Dear Tom, please stop giving away my trade secrets!


Good stuff as usual

WP (retrogrrl)

July 29th, 2008

Tom: The issue of effective graphics (in all visual media) is somewhat understated and underappreciated. Ruth Colvin Clark and Chopeta Lyons’ book “Graphics for Learning” is an excellent resource, even for non-designers. An understanding of the basic principles of visual design can really make a difference to the design process as well as the learning process. Thanks for saying what really needed to be said. 🙂

Good article. Clean simple use of graphics can really enhance the way information is conveyed.
Nice job.

Nice tutorial really helped me making my own e-learning course

Another good post. I agree that graphic design is an important part of instructional design. Learning is communication and everything should work together to communicate the same message.

The design book is a good. I have Ruth Clark’s other book, eLearning & the Science of Instruction, which I highly recommend. I haven’t read the one Mark mentions, but I am sure it is also good.

Although receiving a plethora of e-learning emails, I stop to read yours.

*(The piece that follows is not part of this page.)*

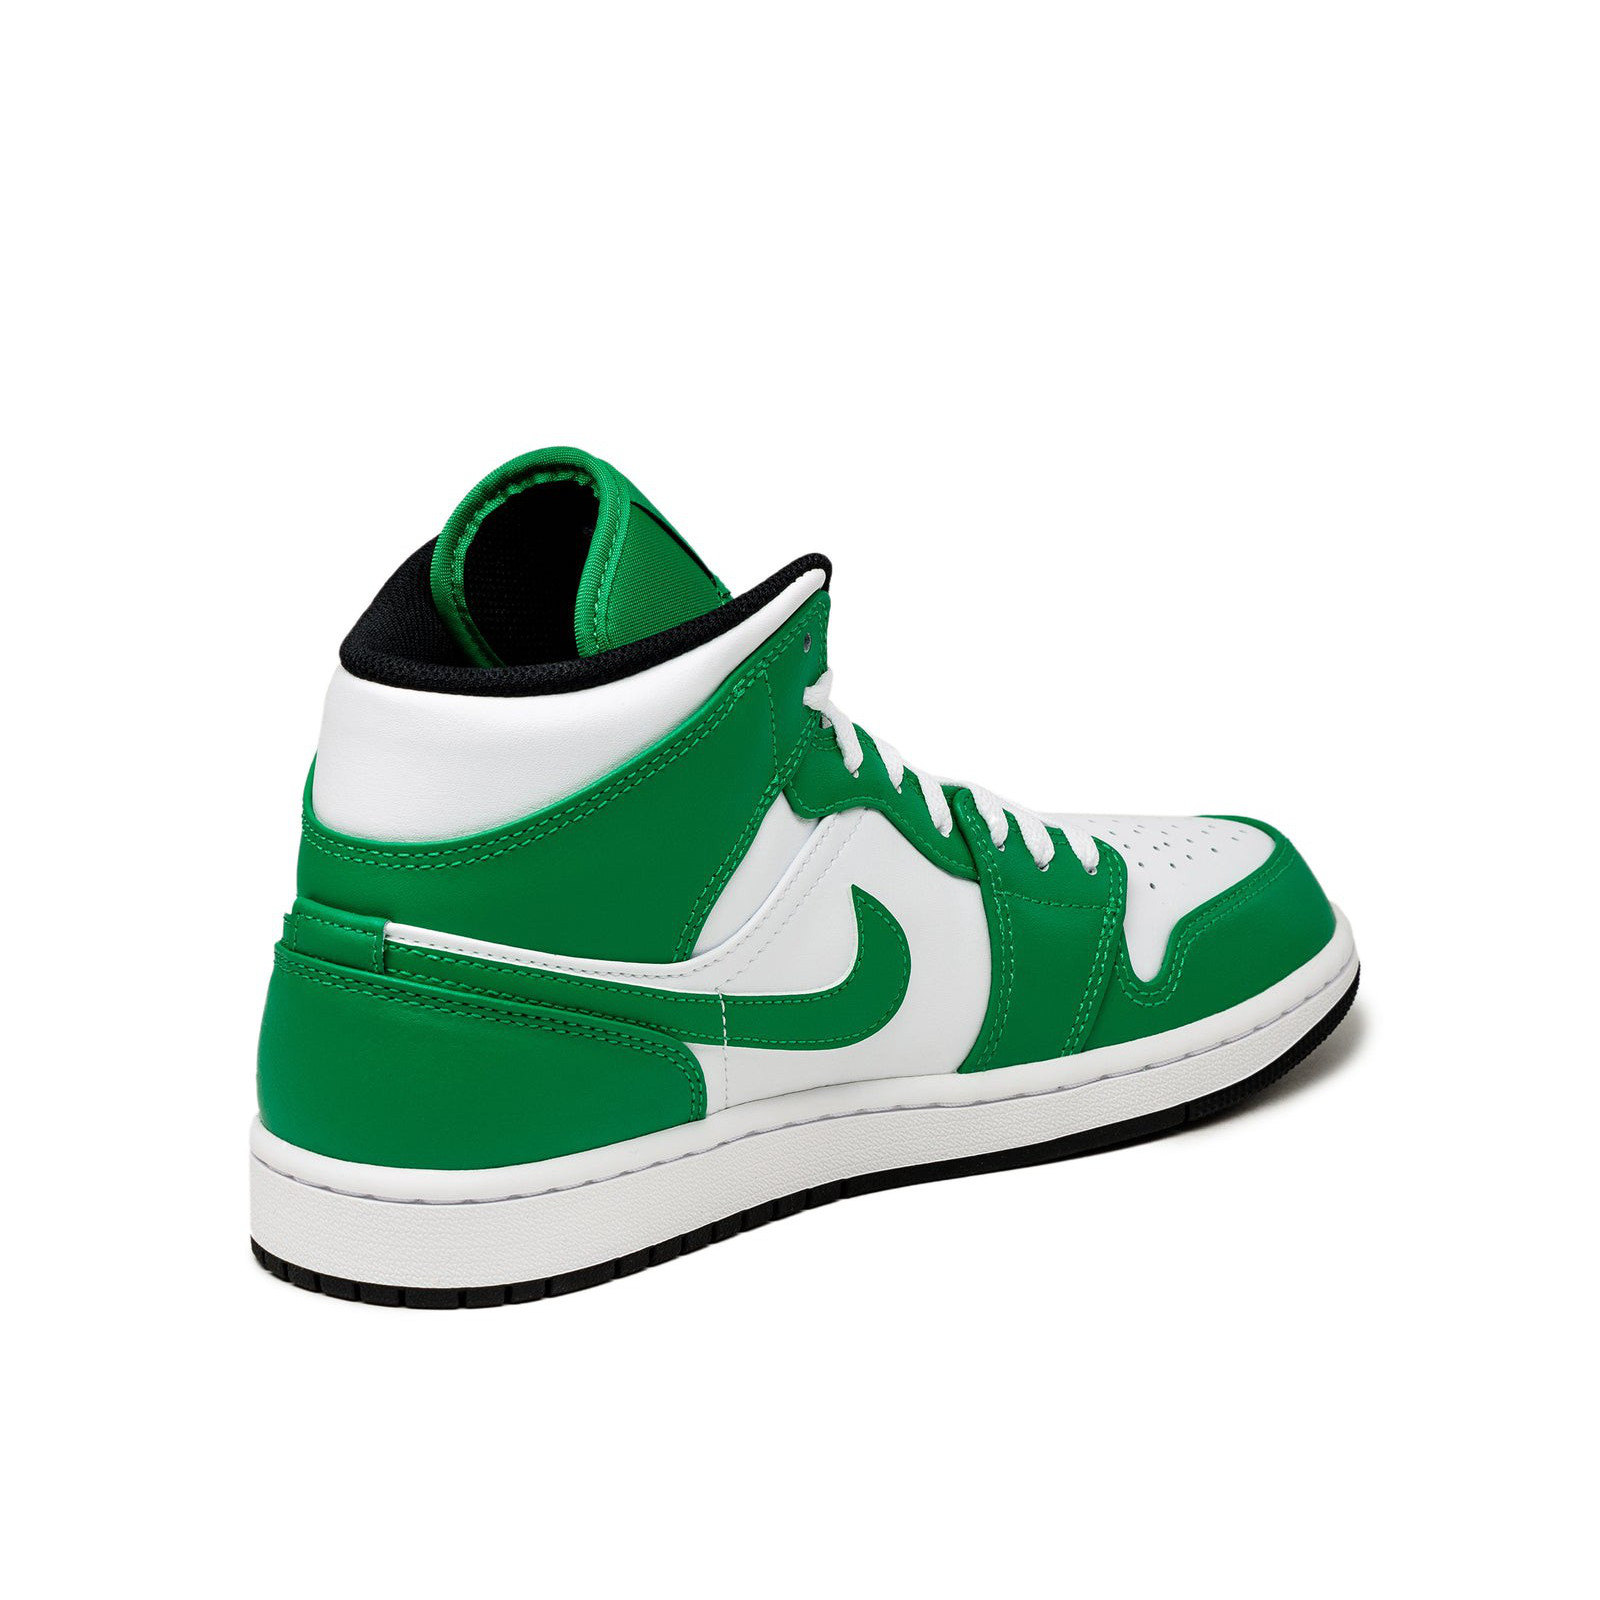 Air Jordan 1 Mid
« Lucky Green »

Thanks for backing us up from the mirror, so we can see the whole picture once again.

If you have a Safari Online acct, both the 2nd ed. as well as 3rd ed.are available there to be read.

July 29th, 2008

Thanks again for going back to the basics: Ensure everything, including the graphics, support the learning objectives in the training package. Using unrelated graphics for the sake of “maintaining the audience’s interest” is simply a way to camouflage the lack of a strong, clear message.

Hi Tom,

A very nice post with lucid examples. The book by Ruth Clark highlights the fact of “real estate” area in screen layout. It emphasises that the learner does not focus on the bottom one-third area and the RHS one-third area of the screen.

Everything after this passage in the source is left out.